## [Exercise brief]
All the data that follows should be repeated exactly, without a single picture.

## [Supplied information]
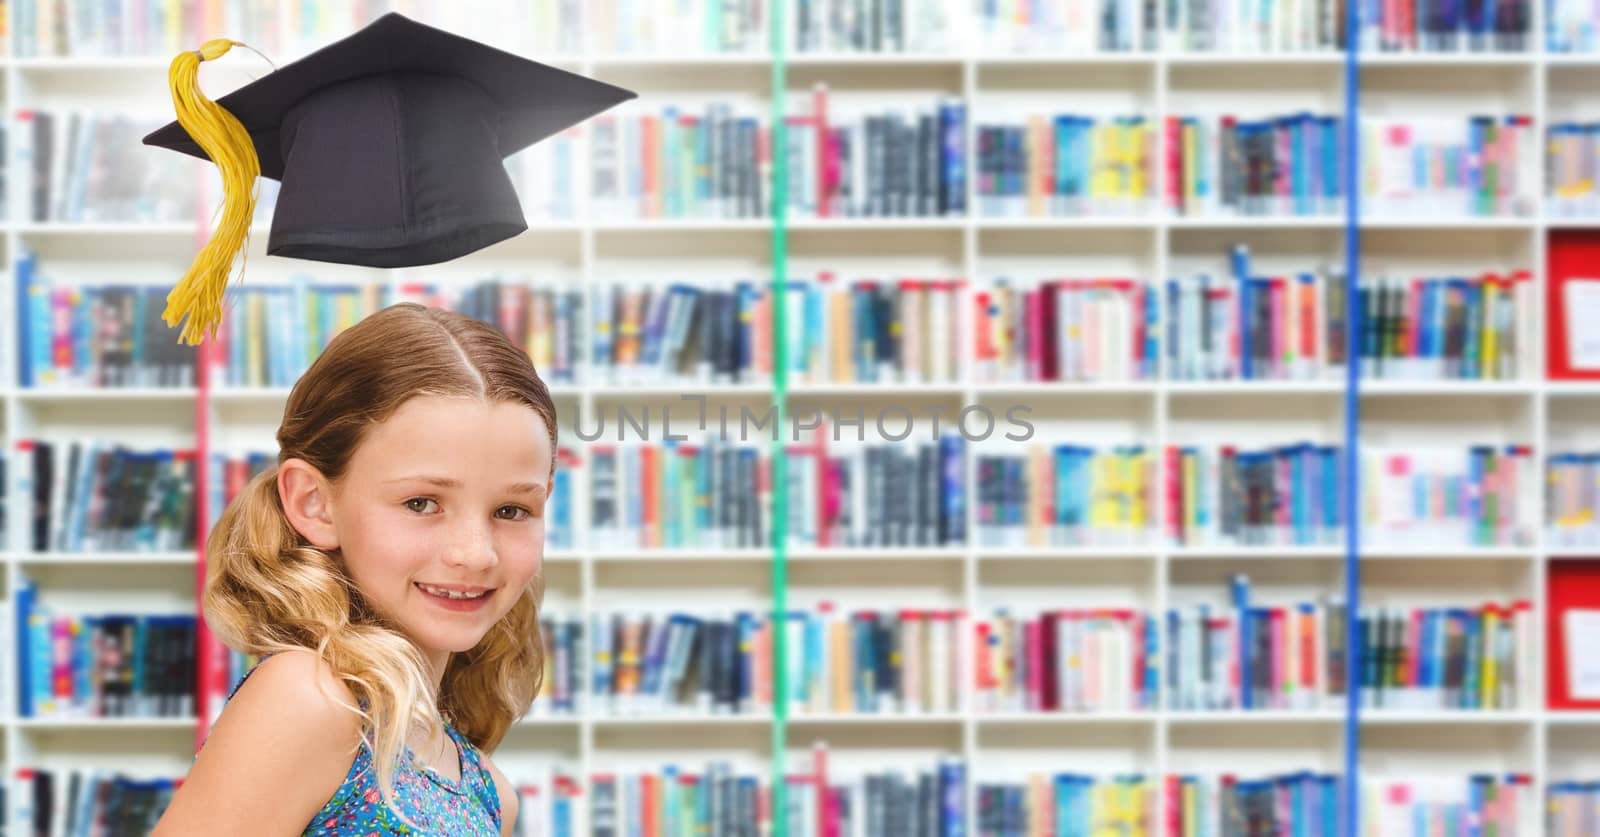 Digital composite of School girl in education library with graduation hat
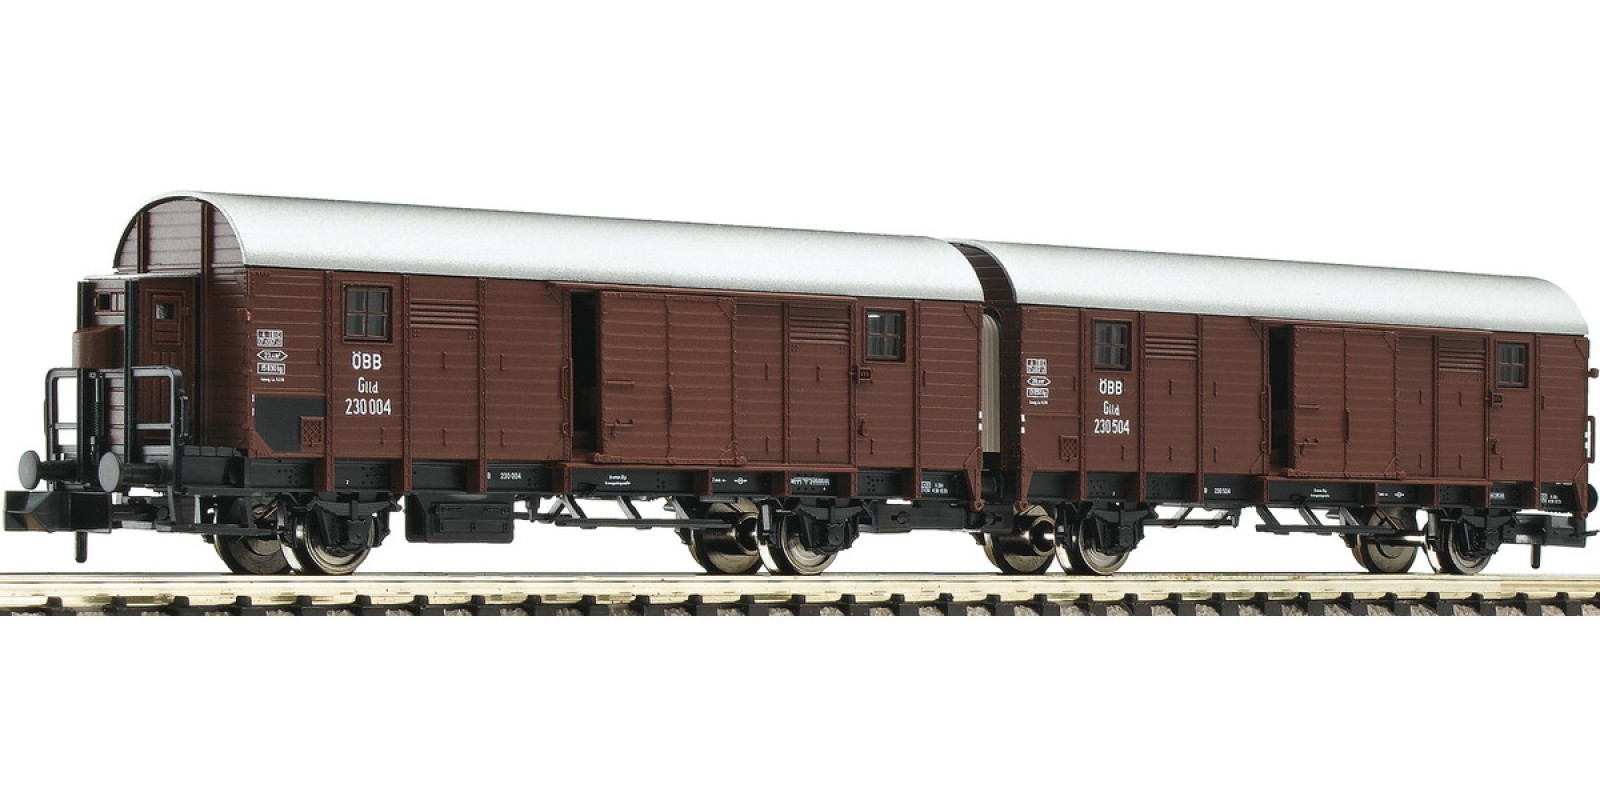 FL830604 Leig wagon unit, consists of two box cars type Glleh, ÖBB
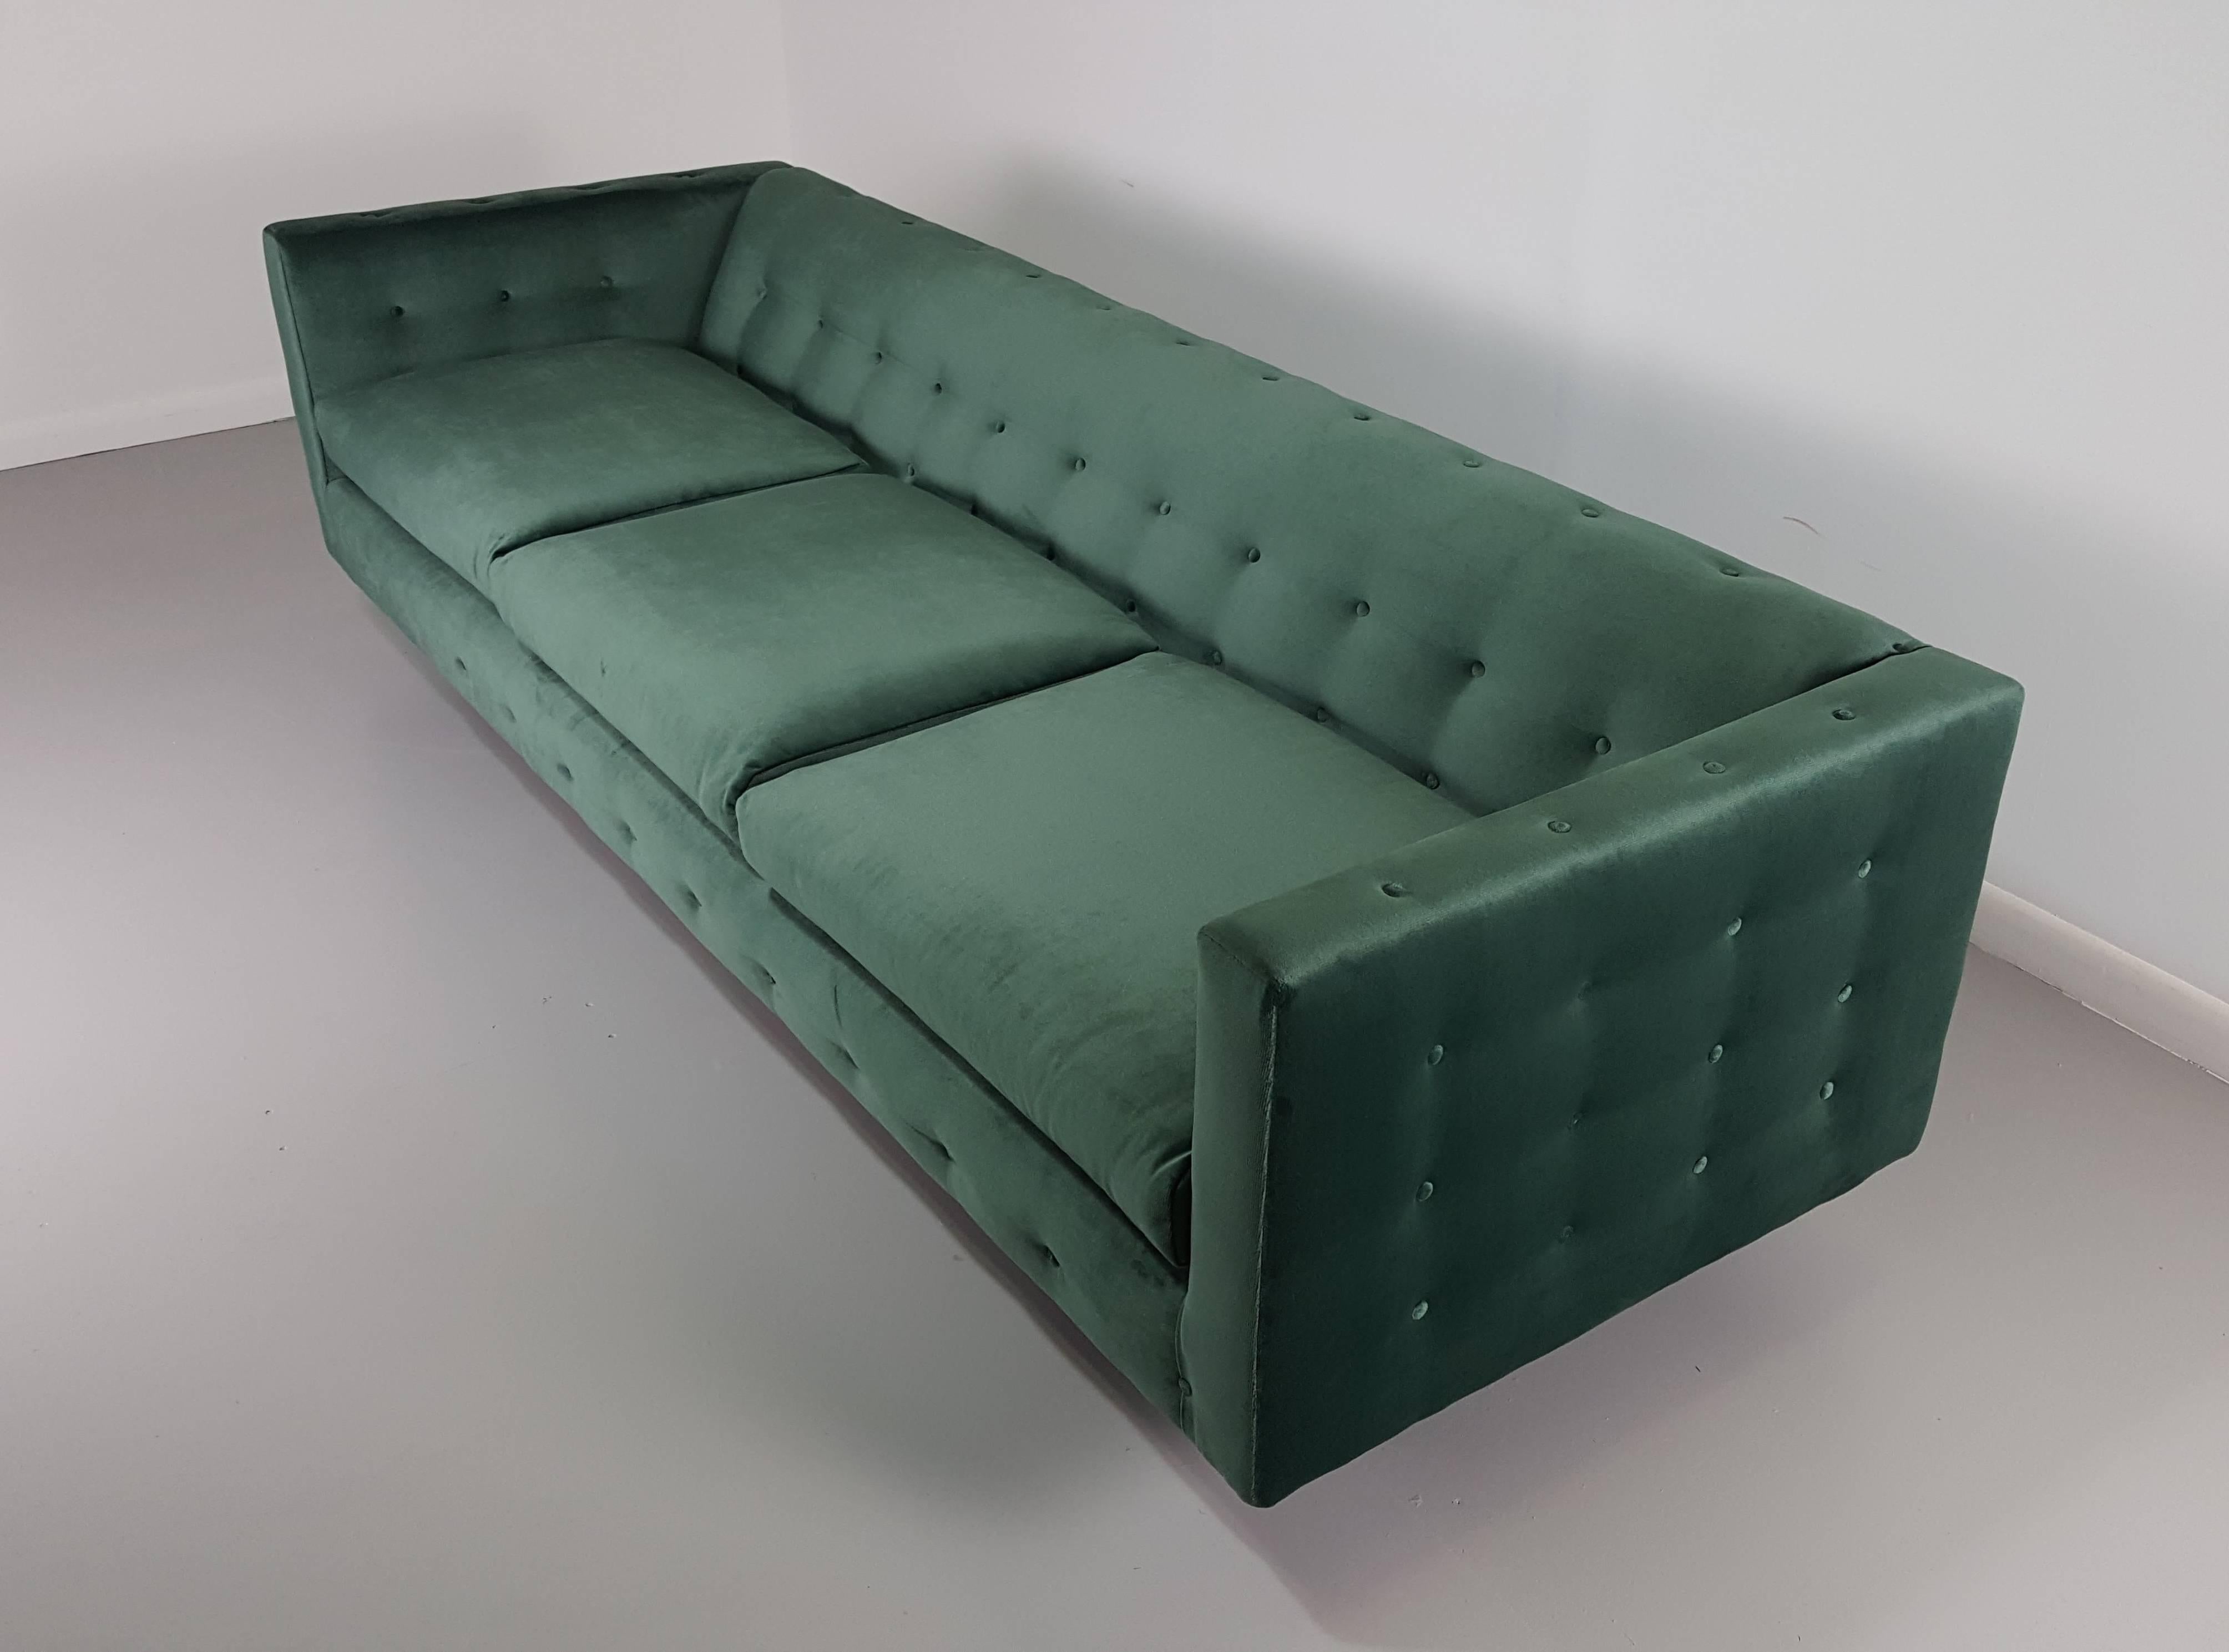 Stunning tuxedo sofa in velvet with button detail by Harvey Probber, 1960s. This is one of the sexiest sofas we've had. The button detail is both gorgeous and unusual. It has been fully restored and in excellent condition. 
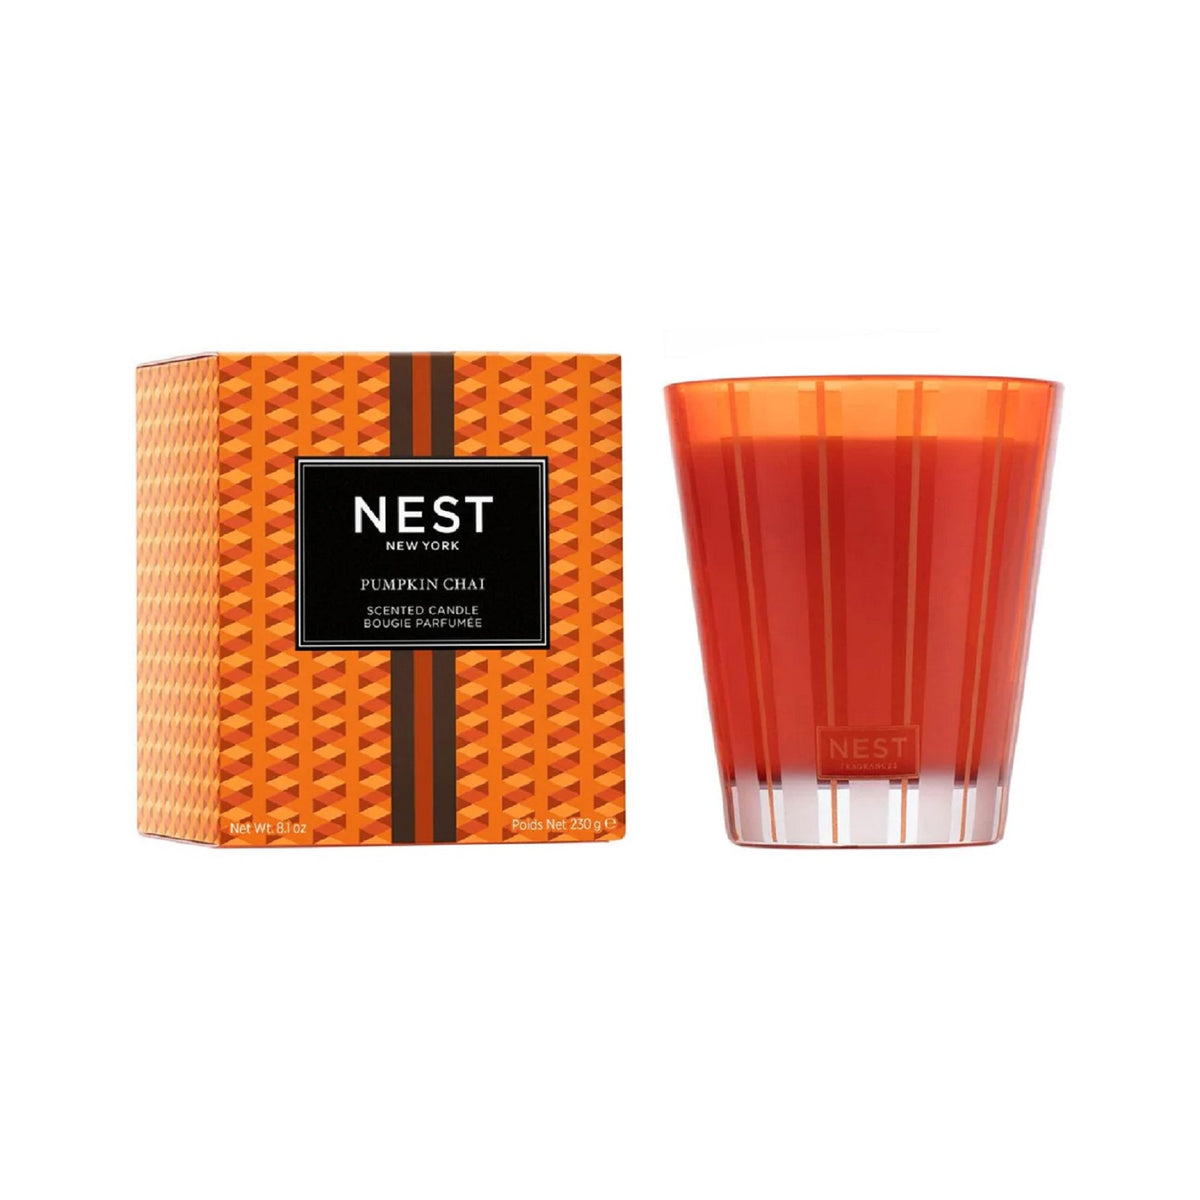 Product Image of Nest New York’s Pumpkin Chai Classic Candle with Box

## [Answer section]
 Digital composite of School girl in education library with graduation hat
 FL830604 Leig wagon unit, consists of two box cars type Glleh, ÖBB
 Stunning tuxedo sofa in velvet with button detail by Harvey Probber, 1960s. This is one of the sexiest sofas we've had. The button detail is both gorgeous and unusual. It has been fully restored and in excellent condition. 
 Product Image of Nest New York’s Pumpkin Chai Classic Candle with Box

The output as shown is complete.